*Description of the task*
Would you return the listing that follows exactly, leaving its pictures behind?

*Given data*
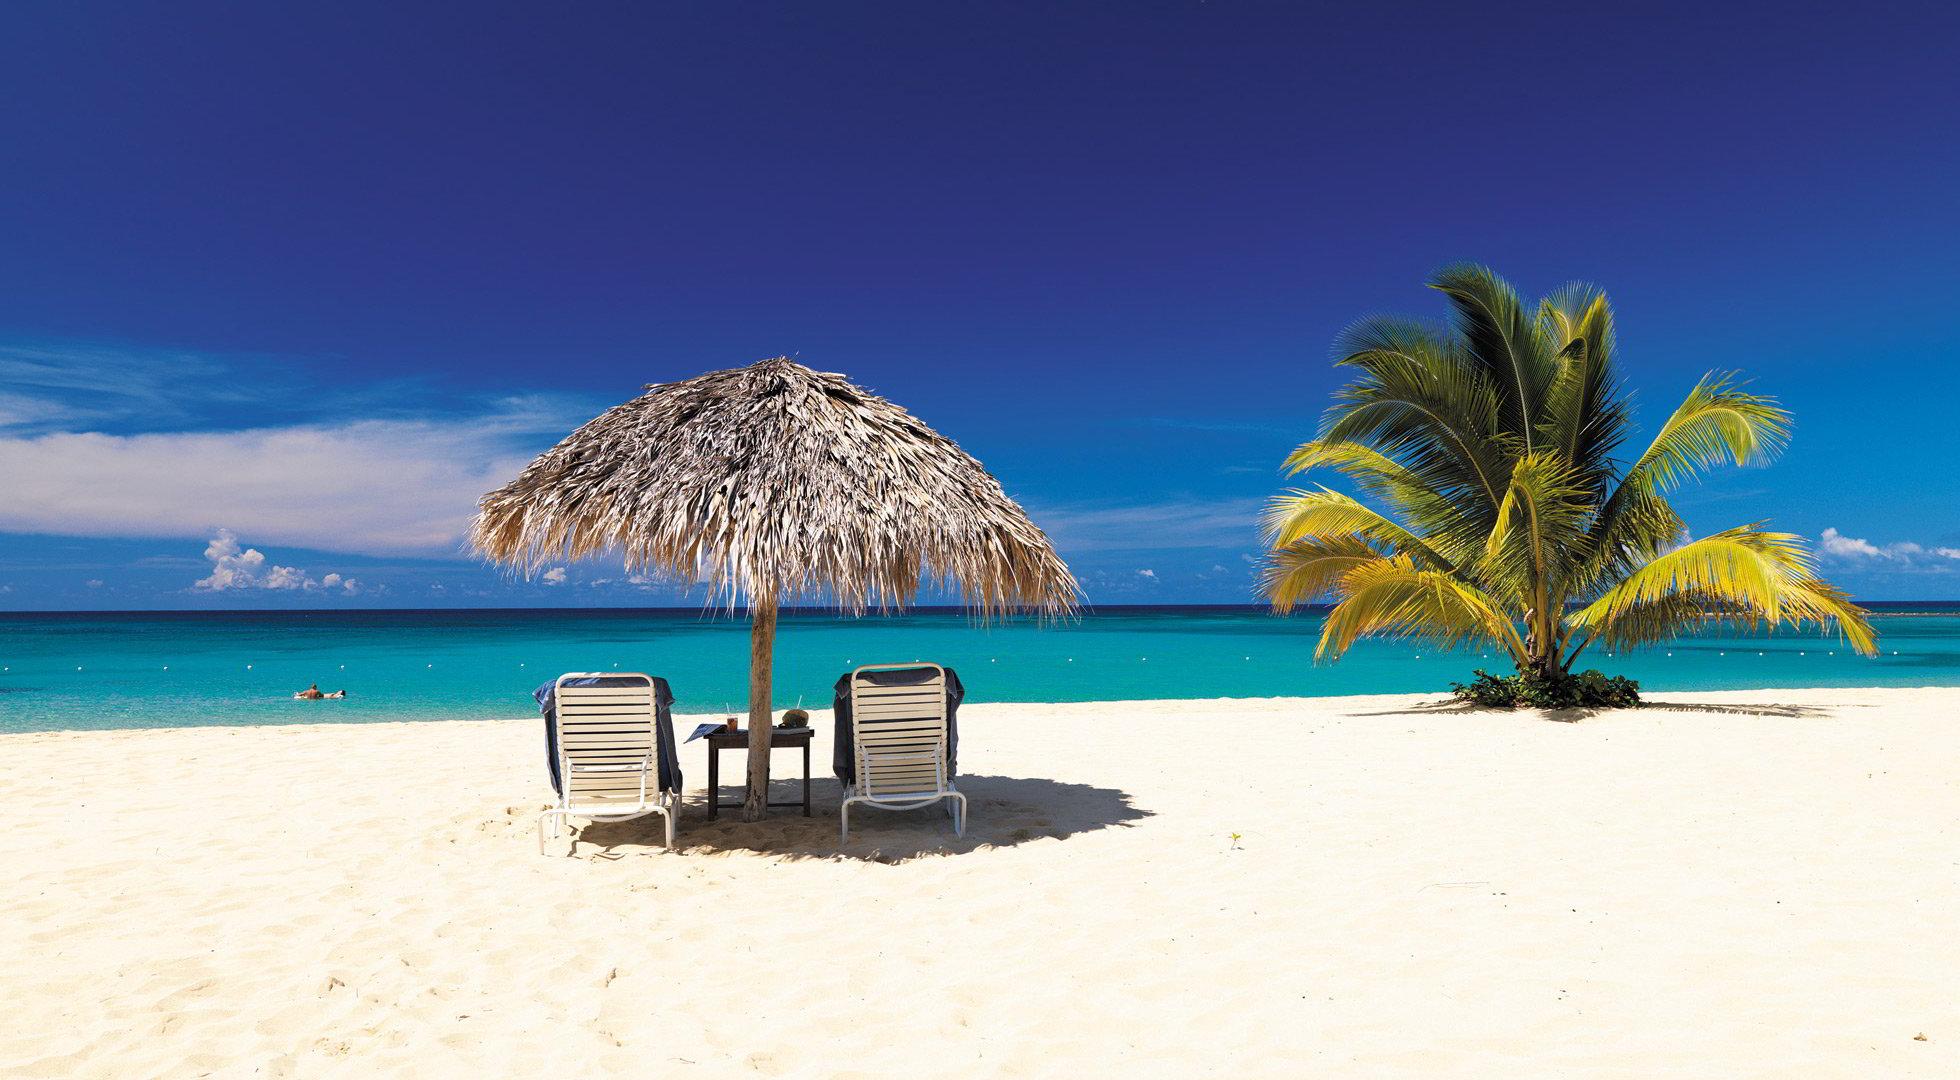 Beach Tour In Montego Bay Travel Jamaica Tours
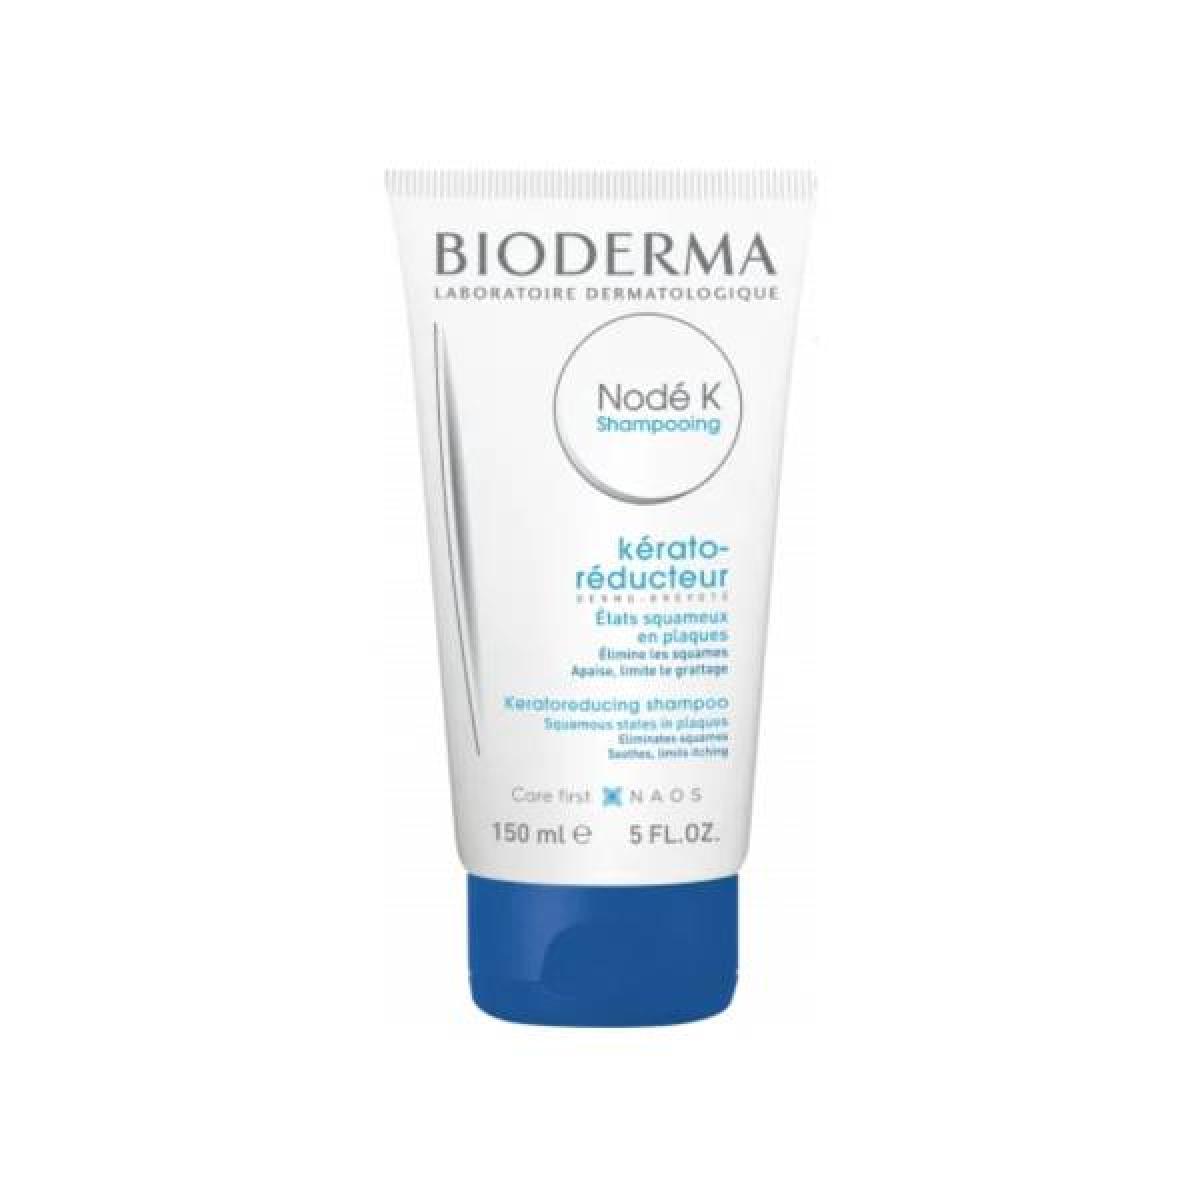 bioderma nod k shampooing 150ml parapharmacie pharmarket. Black Bedroom Furniture Sets. Home Design Ideas
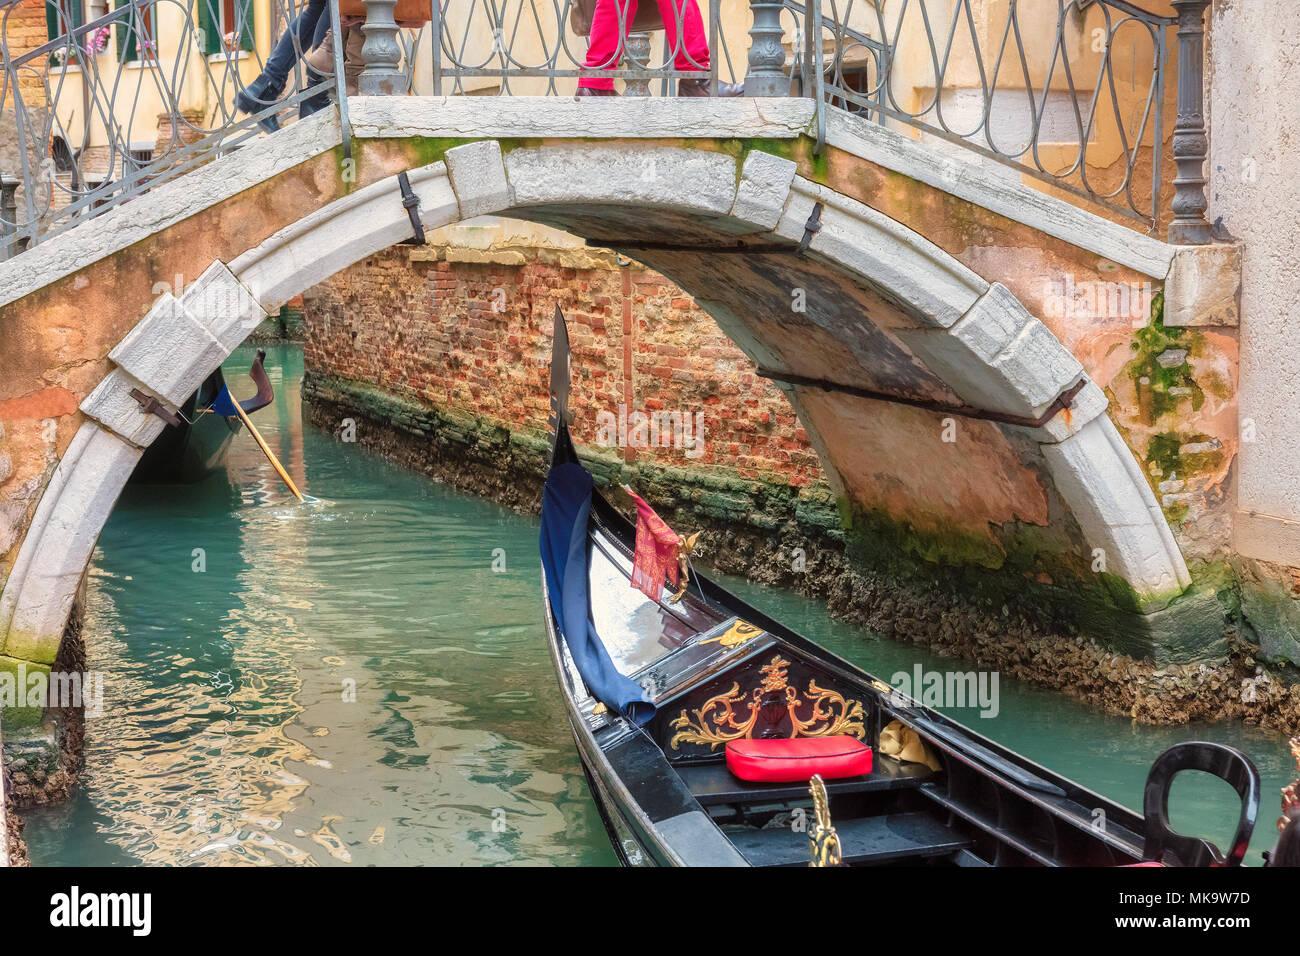 Venetian canal with gondola in Venice, Italy. - Stock Image
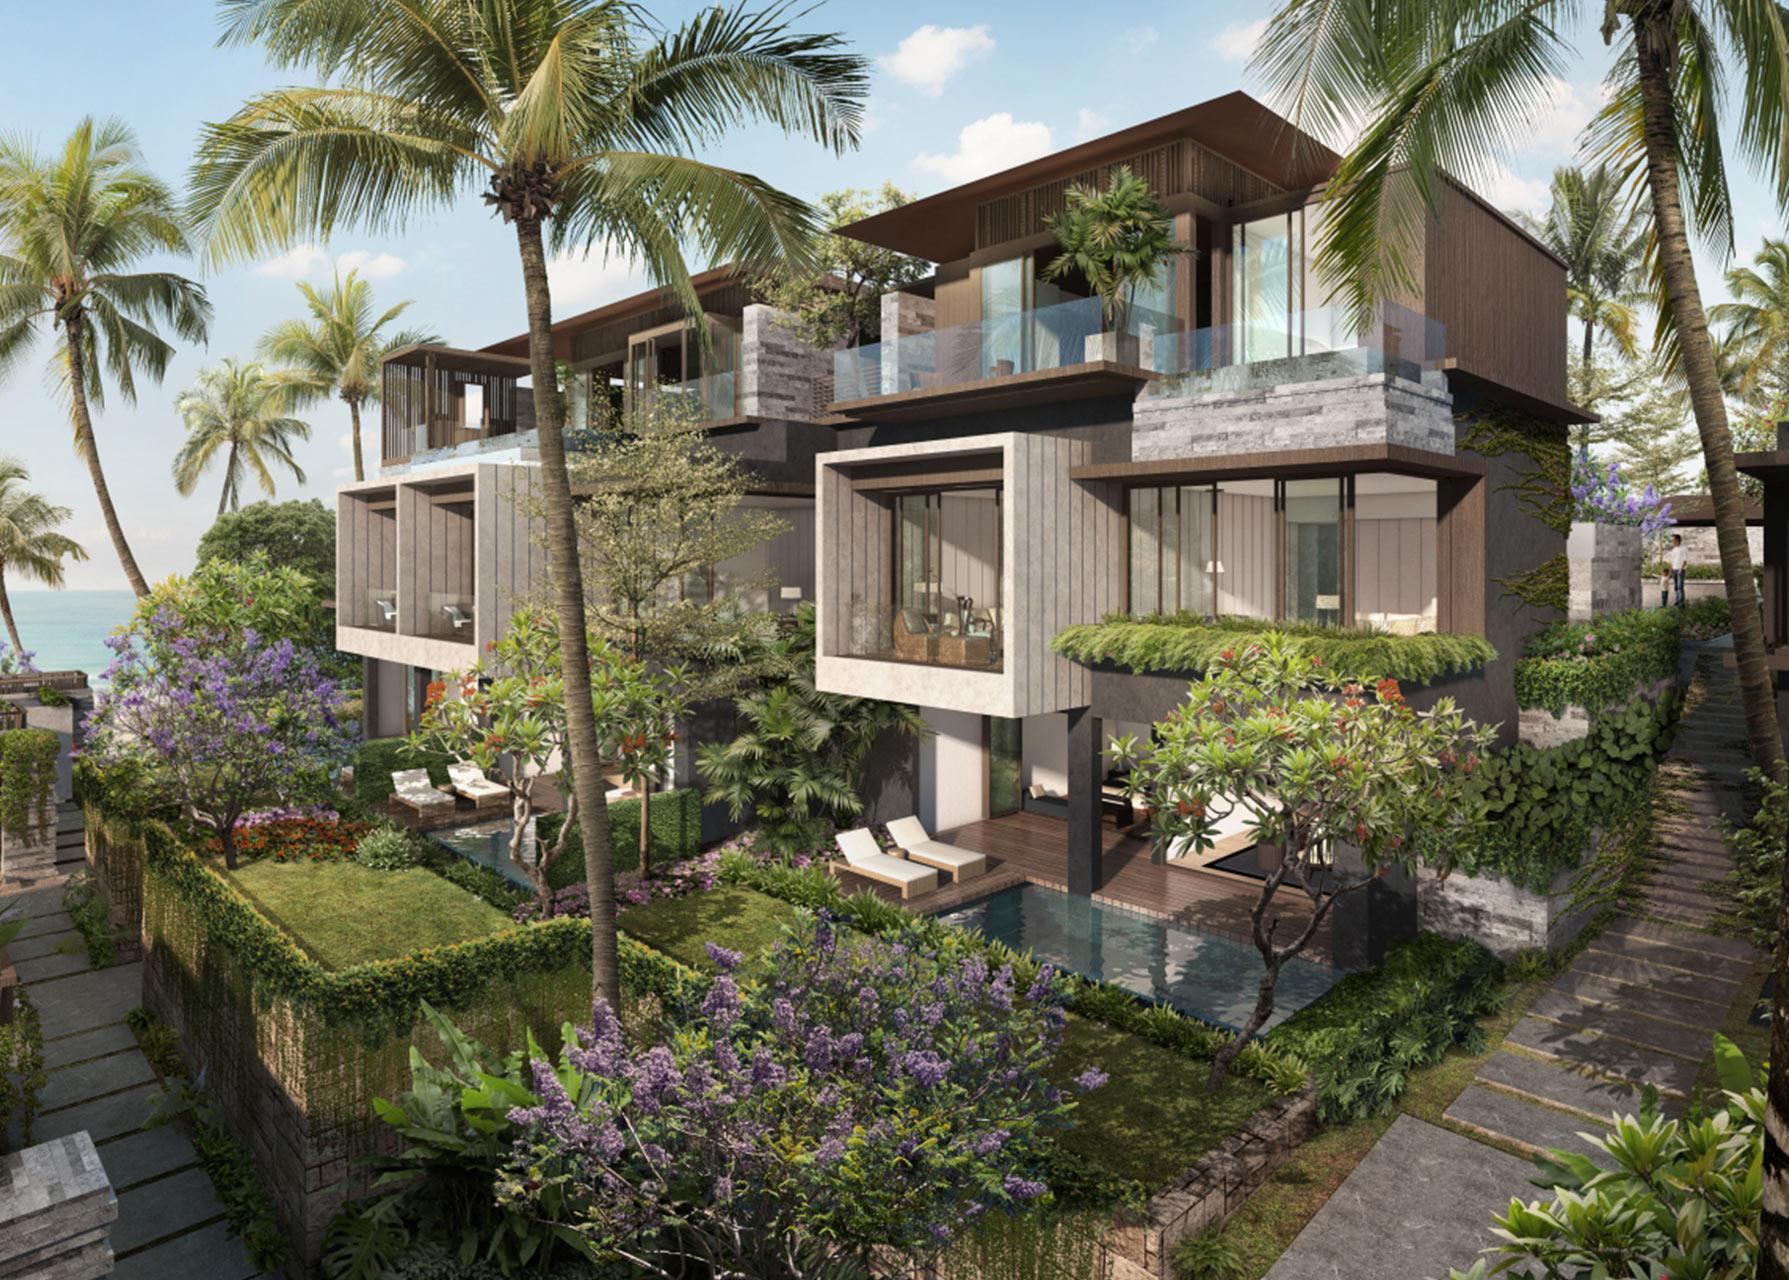 Rosewood Tanah Lot - Bali Indonesia WATG Beach Tall

*Reply*
 Beach Tour In Montego Bay Travel Jamaica Tours
 bioderma nod k shampooing 150ml parapharmacie pharmarket. Black Bedroom Furniture Sets. Home Design Ideas
 Venetian canal with gondola in Venice, Italy. - Stock Image
 Rosewood Tanah Lot - Bali Indonesia WATG Beach Tall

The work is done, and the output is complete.